What would I say to anyone looking to pursue a career in the human rights sector? I firmly believe there is a place for everyone in the human rights world, but it may take time, resilience, and a healthy degree of tenacity to get there. And please don’t think that the human rights sector is solely the domain of lawyers. It is not. Our sector welcomes professionals from other disciplines all of whom bring a rich and varied skills set, subject matter expertise and networks which are so vitally important to the work that we do.

‘Was there more I should or could have done to save his life?’

I would strongly encourage aspiring human rights professionals to start writing about human rights topics, building a publication portfolio at the earliest opportunity and growing thought leadership in this area. This can be achieved easily through writing blogs, self-publishing on LinkedIn or through alumni publications (university law journals and so on).
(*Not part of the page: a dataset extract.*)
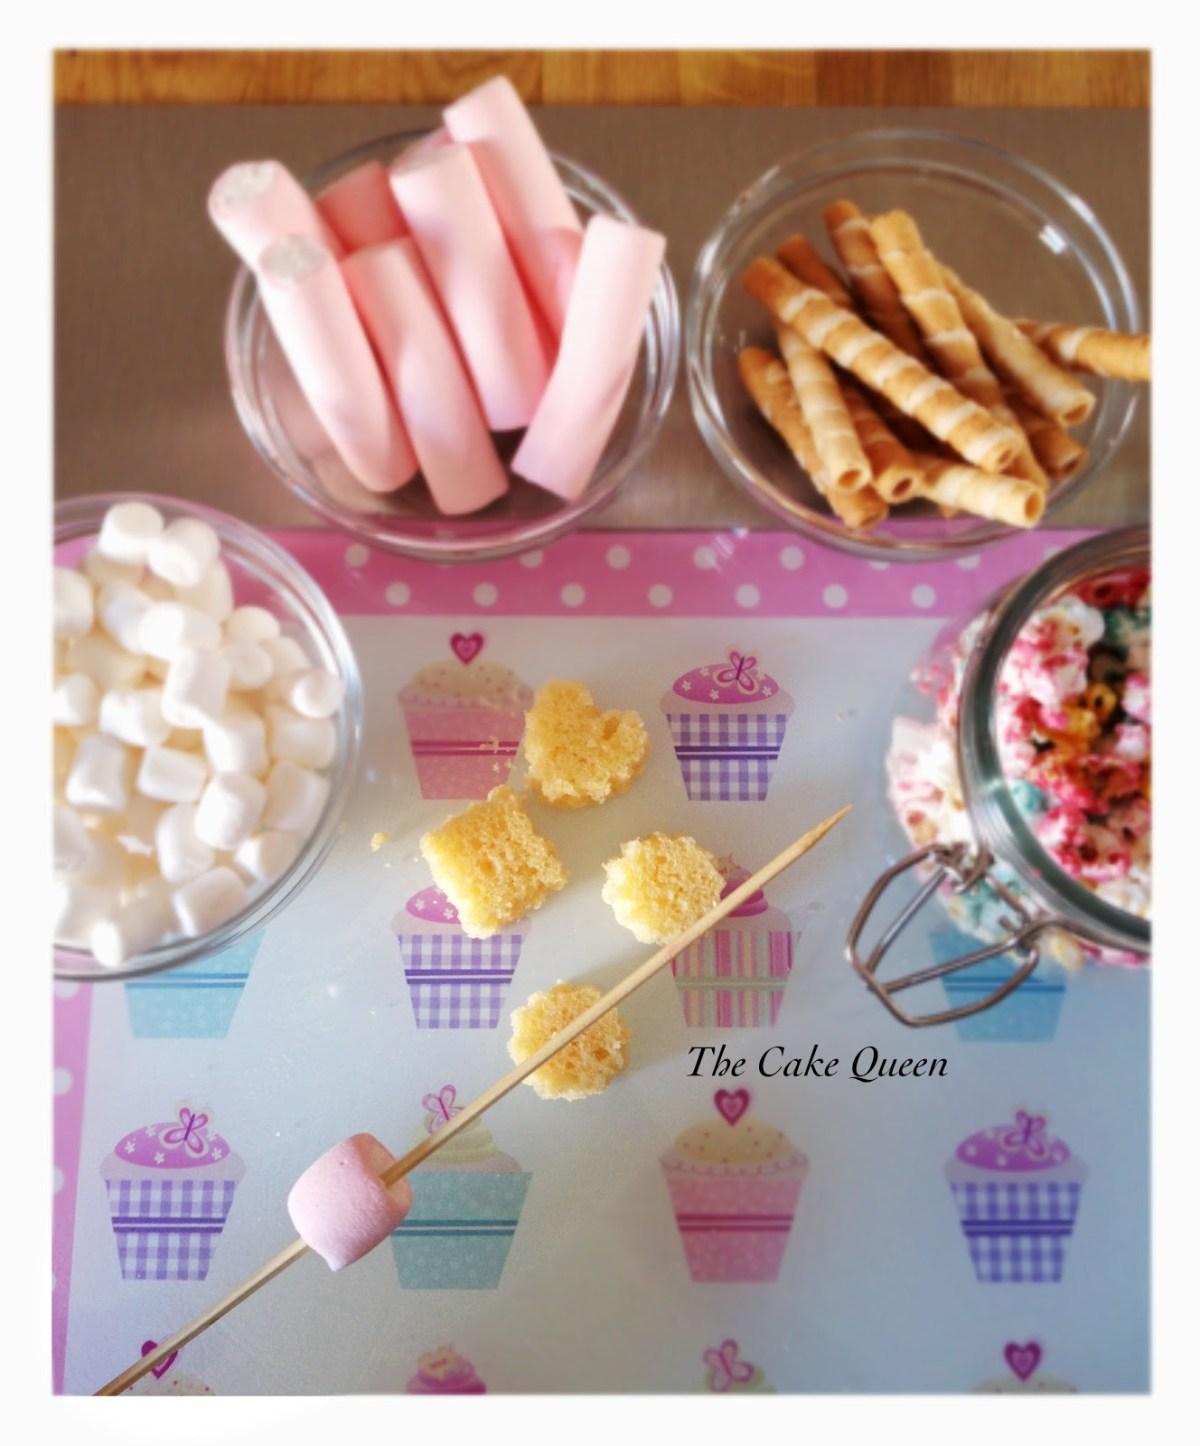 Brochetas de gominas: en nuestro palito de madera, empezamos a colocar nuestros marshmallows, trozos de tarta, fresas y nuestros barquillos, estos los colocamos en el orden que más nos guste

Of course, networking and building one’s own ‘human rights family’ is critical. I’m a strong advocate of conducting ‘informational interviews’ with human rights professionals to learn more about their own career journey and their day-today role. These conversations can open many doors and opportunities.

This work has not broken me. Would I, or could I do another line of work. I think deeply about this when I feel overwhelmed or mentally exhausted but the answer has to be a resounding ‘no’. The desire to help those who really need support is too big for me to ignore it. I remain optimistic that we can, and do, make a difference to those we help. Should I look after myself more? Probably. I am learning day by day. ■

Vicki Prais

Independent Human Rights Consultant, academic, human rights lawyer.